Dicevamo… Topo Gigino stava per risposarsi (“Topo Gigino, zia? Allora è un racconto per bambini!”. “Ma no, tesoro… Topo Gigino è lo zio Gigi. Lo chiamo così da quando eravamo bambini. Ascolta…). Un’atmosfera festosa avrebbe dovuto avvolgerlo, in quei giorni. Invece, una vera e propria congiura era in atto contro di lui. In famiglia, un delirio di donne: madre, sorella, cognata; suo fratello, in piena crisi ormonale, come un adolescente, alle soglie dei cinquant’anni, si divideva tra moglie e amante; suo nipote (“Visto che ci sei anche tu, cucciolo?”), vispo e intelligente, si era fatto “fregare” a scuola, rimediando ben quattro debiti, il che aveva suscitato le ire didattiche della zia Furia, sua sorella (“A Bologna sono degli stronzi! Qui si è costretti a promuovere col due!”). Quest’ultima la rodeva soprattutto il debito in inglese, visto che, durante le vacanze pasquali, si era recata in Terra d’Emilia per porgere all’amato nipote le sue recenti, britanniche acquisizioni.
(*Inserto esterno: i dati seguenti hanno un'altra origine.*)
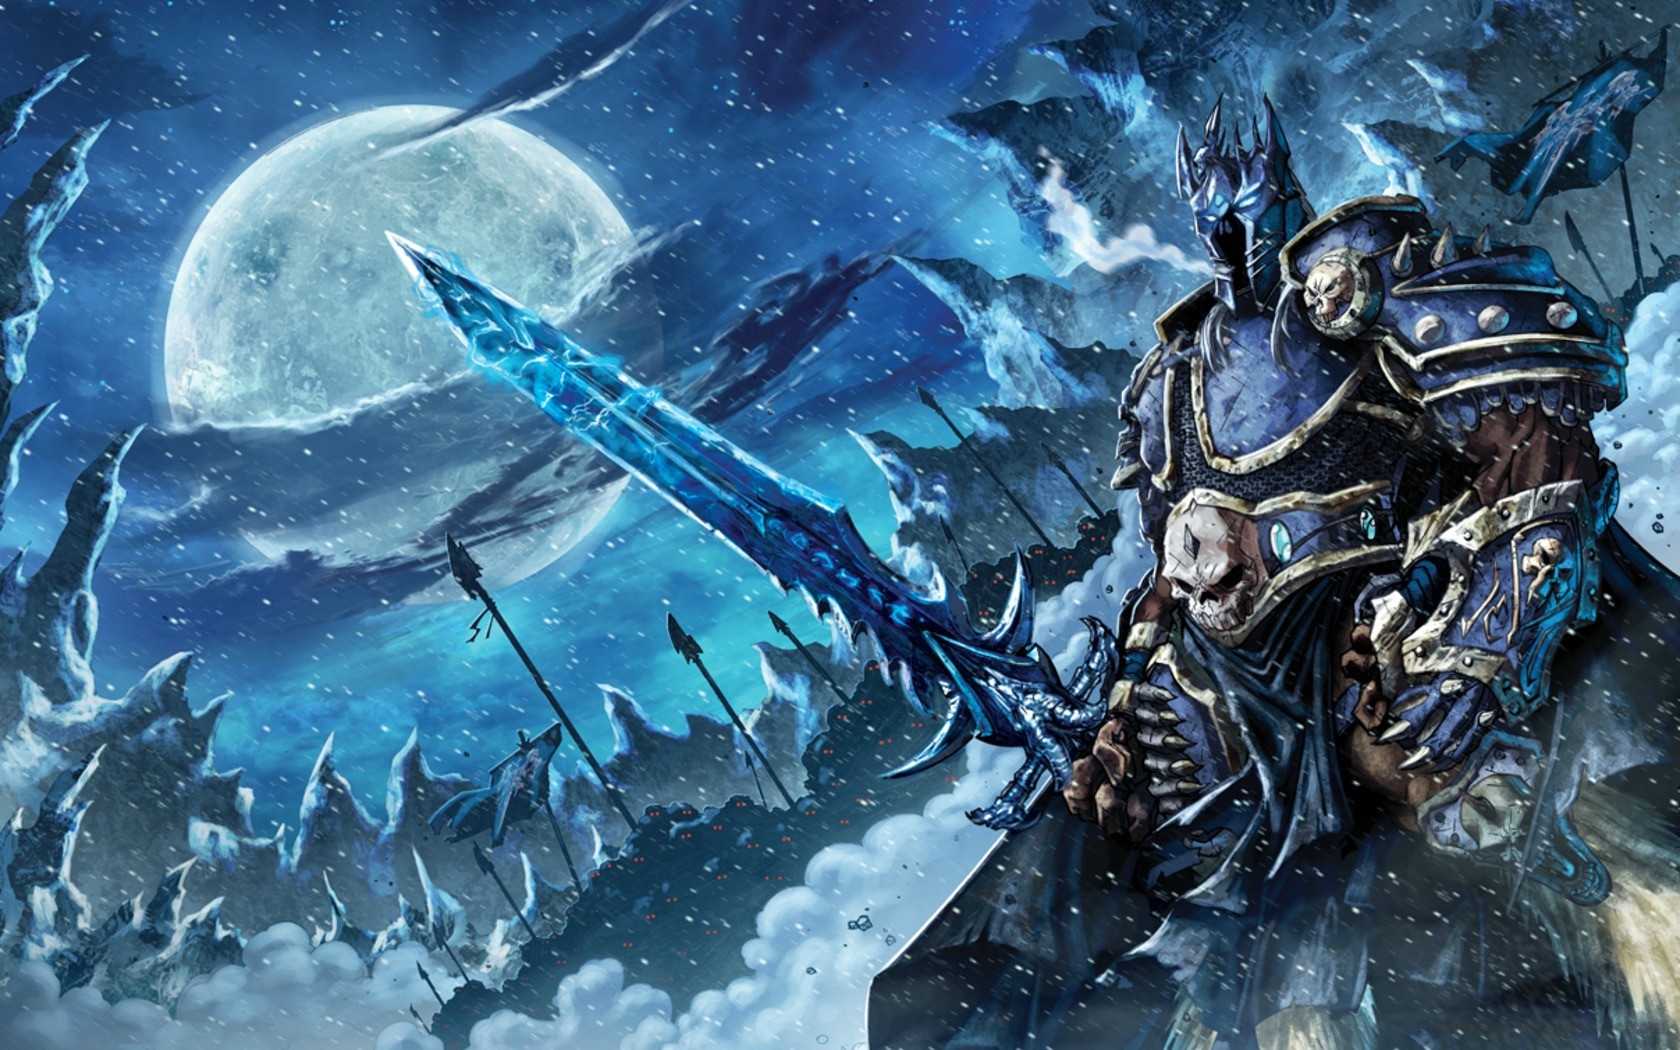 Warcraft Hd Wallpaper Pack 11 Free Download
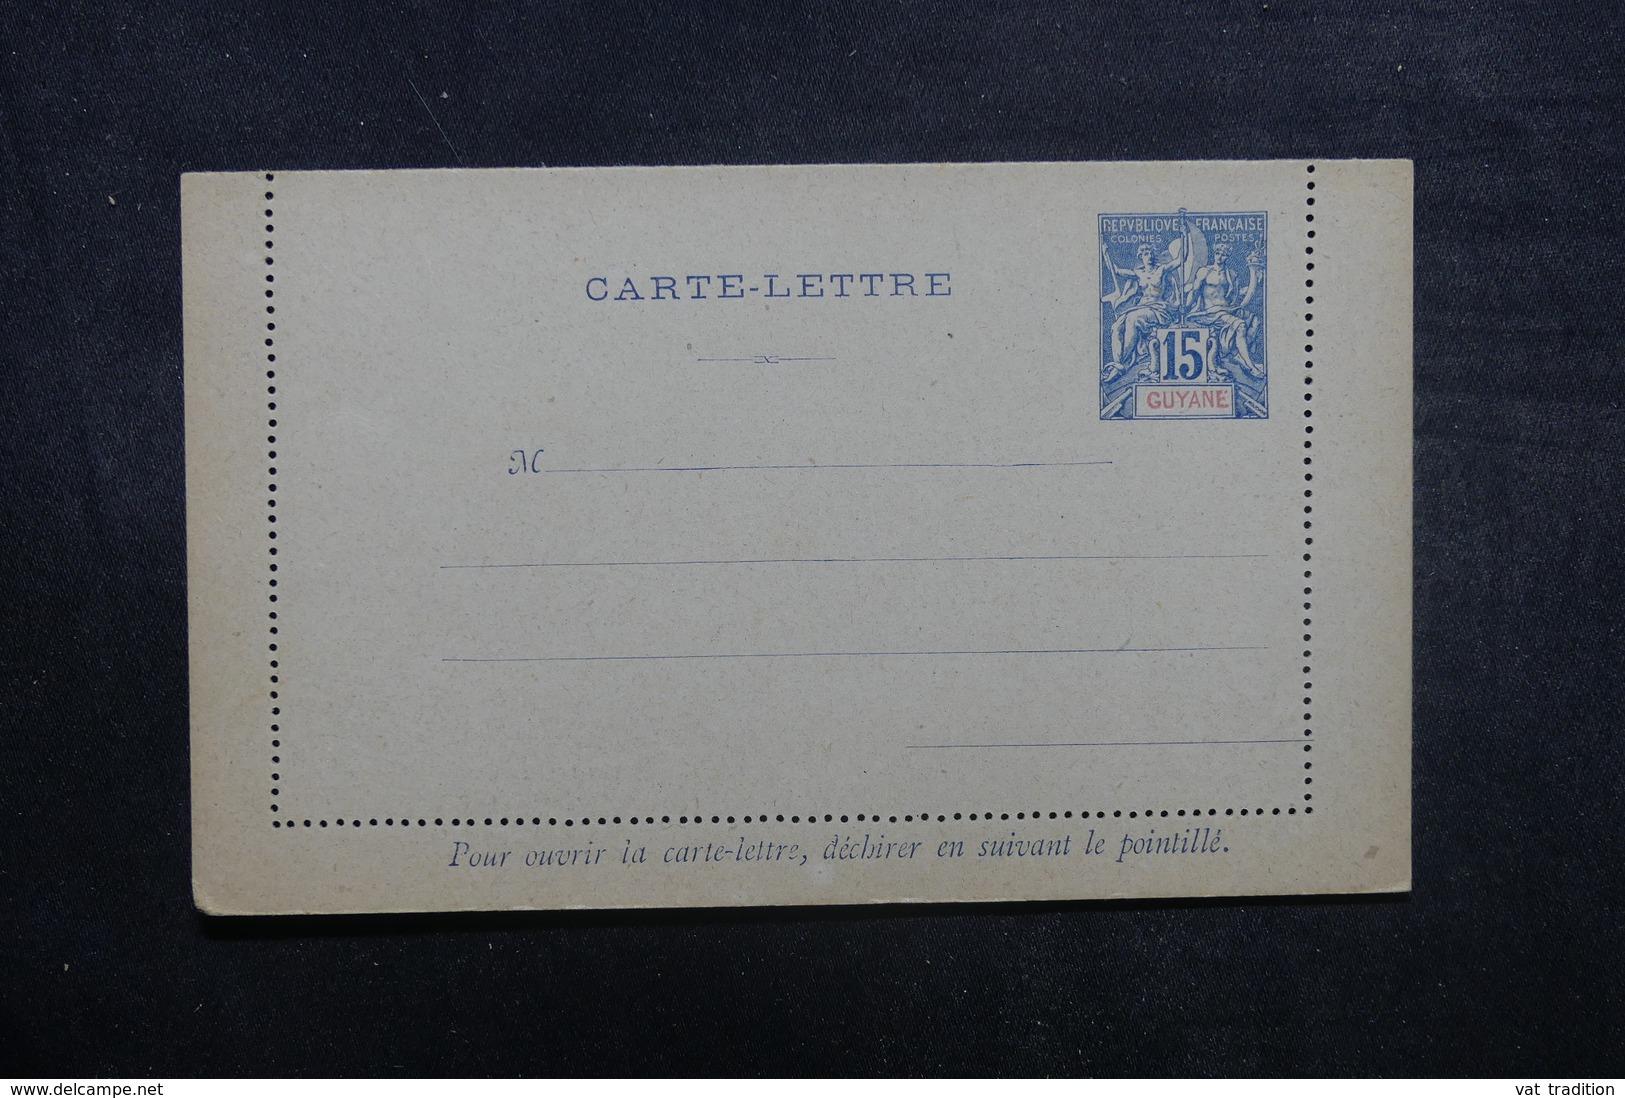 GUYANE - Entier Postal ( Carte Lettre ) Type Groupe Non Circulé - L 37969 - Guyane Française (1886-1949)

Già… Perché quell’anno Furia si era prodotta in un brillante corso d’inglese… Qualche anno prima aveva tentato un abbozzo di seconda laurea in Filosofia, poi abbandonato (“Troppo razionale per me, la filosofia, non riesco a starci dietro”), mentre loro tutti si erano augurati che un barlume di “filosofica” saggezza illuminasse la sua mente esaltata.

Chissà che cosa si sarebbe inventato, per l’anno dopo, quell’essere esagitato… Ah, già! Aveva detto di voler studiare lo spagnolo… “Poveri noi!”. Nacchere e toreador si profilarono minacciosi all’orizzonte del paziente Topo Gigino.

 

“E un corso di yoga, sorellina, come lo vedi?”.

“Già fatto!”.

“Ebbene?”.

“Sì… bello… tanta pace interiore… ma che palle dopo un po’! Il cervello si rilassa troppo, ne esce come instupidito”.

“………………………………..”.

 

Ecco: questa era sua sorella Furia e questa era la sua delirante famiglia, nella quale vicende come quelle accennate, che nelle famiglie normali assumevano dimensioni normali, diventavano insormontabili come l’Everest. “Per favore, ragazzi, perché non vi date una calmata e concedete una tregua a un povero cristo, vostro congiunto, che la prossima settimana deve sposare quella che ama ( Romeo e Giulietta o I promessi sposi? No, buona la seconda, mi pare…)?”.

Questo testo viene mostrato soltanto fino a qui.